If MPs had been obliged to publish their expenses claims, as they are now, maybe some of them would have thought twice or even three times about the claims they submitted.

And if the News of the World had published at the bottom of each relevant article: “The information reported in this story was obtained by hacking into the voicemail messages of person X”, well, maybe, they wouldn’t have.

So, much as I hate the use of the word in this context, the secret seems to be more transparency – openness, if you prefer.

The more we know about why and how people in positions of power or influence take the decisions they do, the more able we are to let them know when we think they’re going off the rails.

And if you think we’ve been making a bit too much of all this phone-hacking stuff, consider this.

A democratic, capitalist society requires several sound and stable institutions to ensure that it serves the interests of the most people possible. It requires basic freedoms, including the freedom of an unfettered press which afflicts only the comfortable and comforts only the afflicted; it also needs a parliamentary system in which politicians govern with the fully informed consent of those whom they govern.

Plus, a system of finance which offers fair dealing, stability and prosperity; and a police service to deliver peace and harmony without fear or favour.

It’s beginning to look as if on each of those considerations, Britain has been falling well short of what its citizens are entitled to expect. And the reasons, perhaps, in just a few words: arrogance, secrecy, and greed. If we can chip away at the secrecy (as a journalist, I would say that, wouldn’t I?), we might be better able to discern whatever arrogance and greed remain.

Meanwhile, the financial storm clouds are gathering again. President Obama could be heading for a major budgetary crisis – and unless it is averted at the 11th hour, which it may well be, the global markets are likely to tumble headlong in panic.

Oh yes, and Italy is heading for trouble too. The markets have woken up to its shaky economic prospects and vast public debt, and the respected Italian finance minister Giulio Tremonti is embroiled in a major domestic political row.

He has warned his compatriots in stark terms of the likely consequences if he is forced from office. “If I fall, Italy falls.
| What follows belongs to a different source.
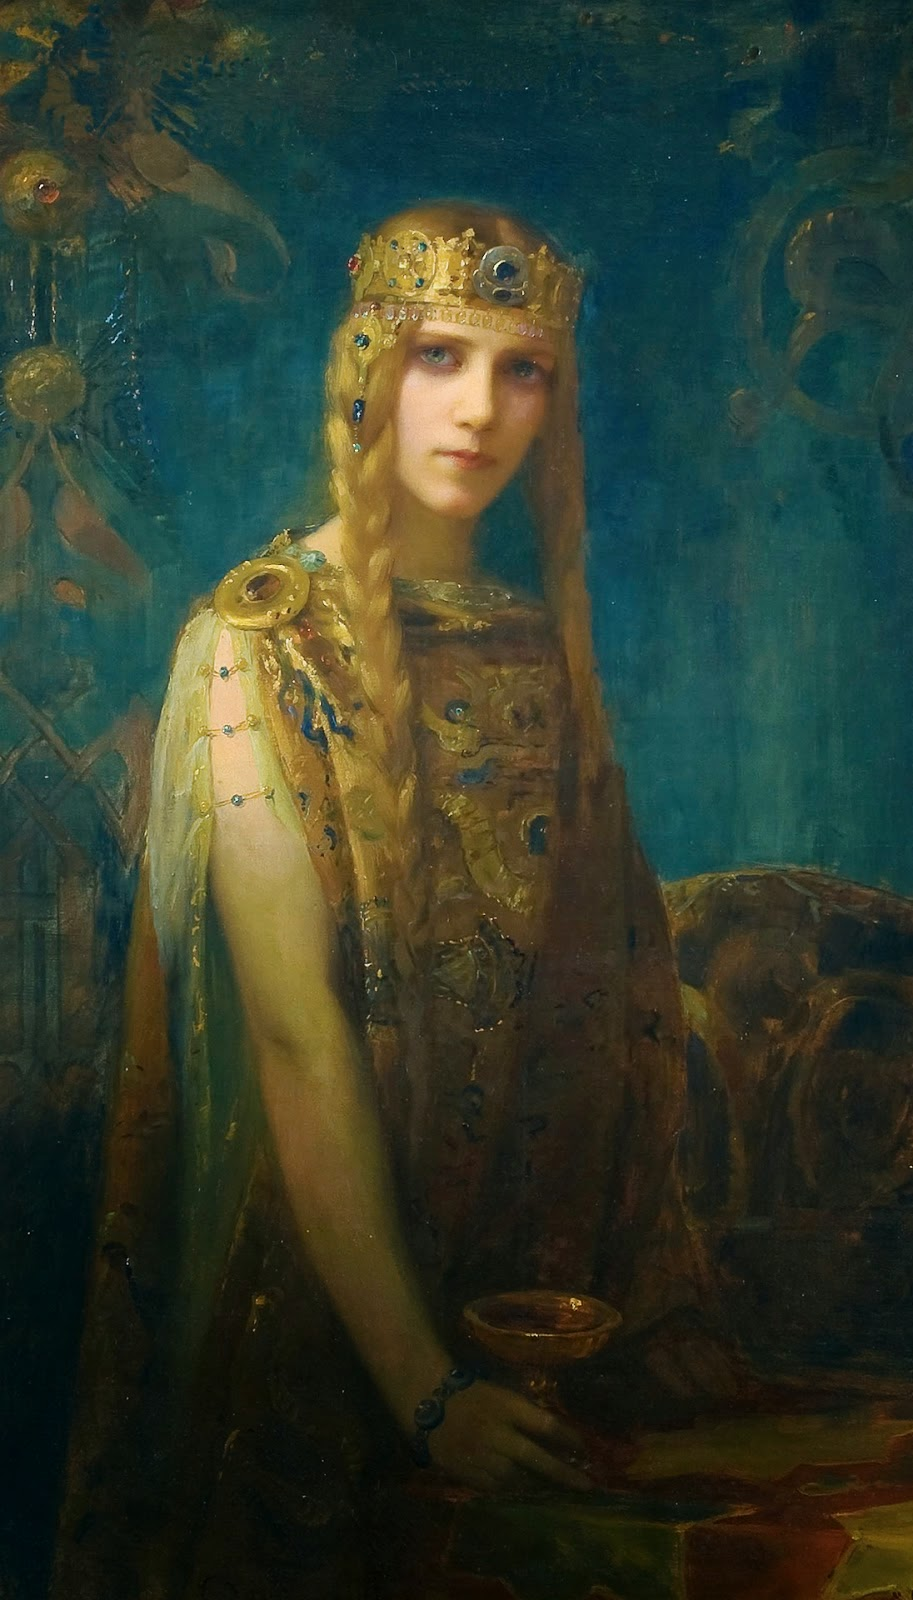 Isolde - Celtic Princess

And if Italy falls, so does the euro.”

So I suspect we’re in for a long, hot summer. (And no, that’s not a weather forecast.) Next Tuesday, for sure, will be a scorcher: Scotland Yard commissioner Sir Paul Stephenson, Rupert and James Murdoch, and Rebekah Brooks, will all be giving evidence to parliamentary select committees on the same day. You can be sure the MPs on those committees will not want to miss the opportunity to show what they’re made of.

Friday, 8 July 2011

8 July 2011

So will you be buying a last copy of the News of the World on Sunday? A souvenir, to show to your grand-children: “This is what we used to call a newspaper”?

Maybe not. Maybe you’ve never bought a copy in your life, and have no intention of starting now. Maybe you’re delighted that a tabloid rag (your words, not mine) has finally been forced out of business.
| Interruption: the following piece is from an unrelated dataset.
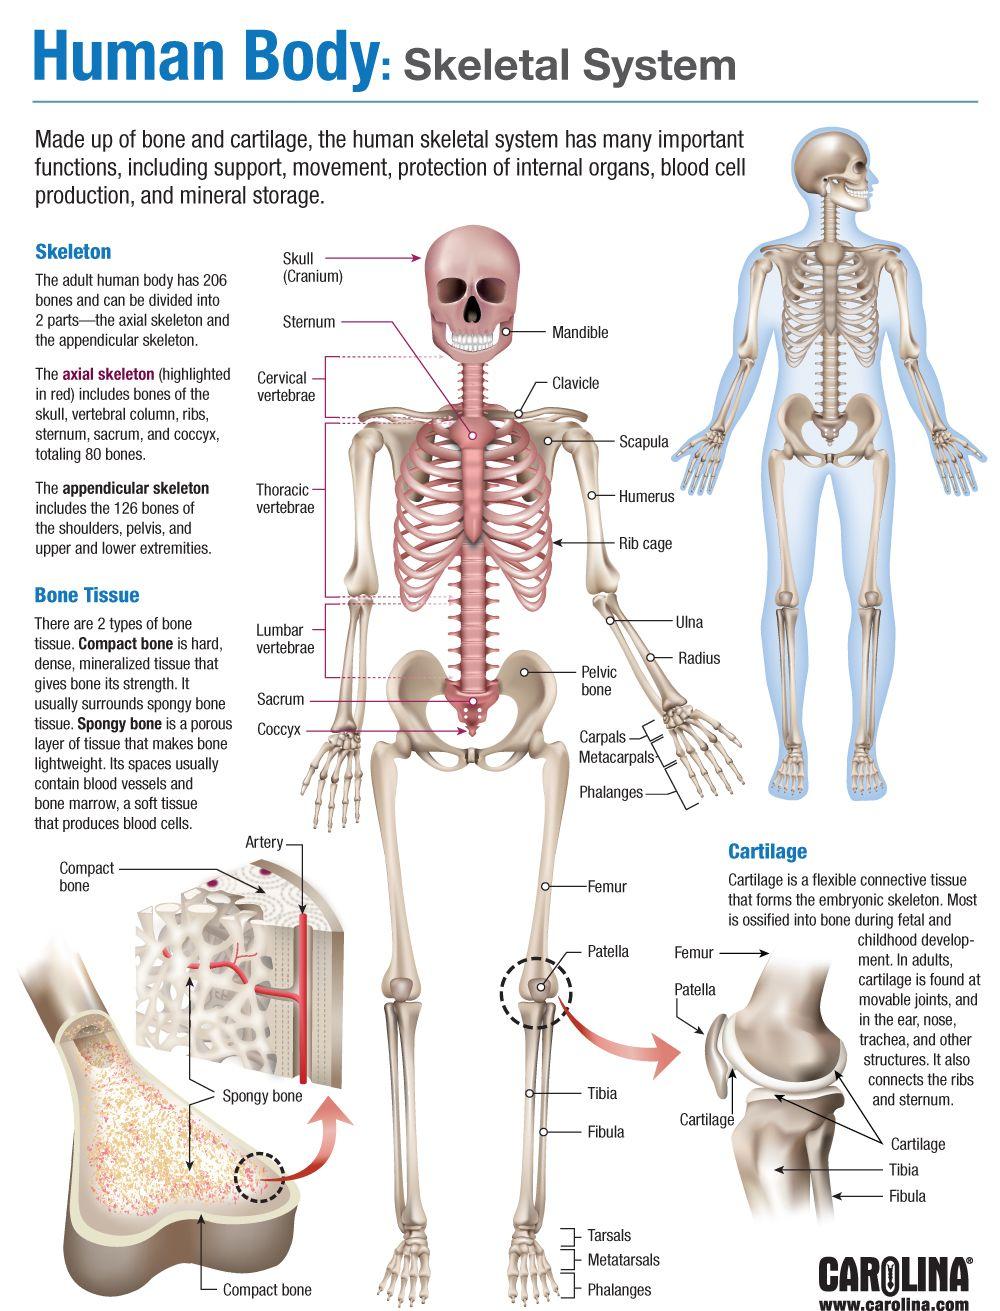 Human Skeletal System Dinocrofo

Well, I hope you’ll forgive me, but I’m a journalist, and I can never celebrate the death of a newspaper. Yes, of course, the News of the World is guilty of some appalling errors – it has behaved shockingly and it has paid the price.
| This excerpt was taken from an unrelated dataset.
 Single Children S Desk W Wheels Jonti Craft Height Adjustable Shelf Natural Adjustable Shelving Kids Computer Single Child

But, as we pointed out on last night’s programme, its record is not all bad. Some of its investigations really were in the public interest, and not just of interest to the public. (A fine distinction, I know, but a crucial one when we start discussing what is and is not a legitimate investigation.)

I’m a former Fleet Street news editor. (Or perhaps, in the style of Alcoholics Anonymous, I should say: “My name is Robin and I am a recovering Fleet Street news editor.”)

I never worked for a mass circulation Sunday paper (the one I worked for sold a tiny fraction of the copies the News of the World sells every week) – but I do know a little bit about the pressure to get stories.

So over the past few days, several people have asked me why on earth journalists would even think about trying to hack into the voicemail messages of bereaved military families or missing schoolgirls.

It’s quite a simple question to answer. What matters more than anything to reporters is that they get good stories printed in the paper – preferably at the top of the page, even better on the front page.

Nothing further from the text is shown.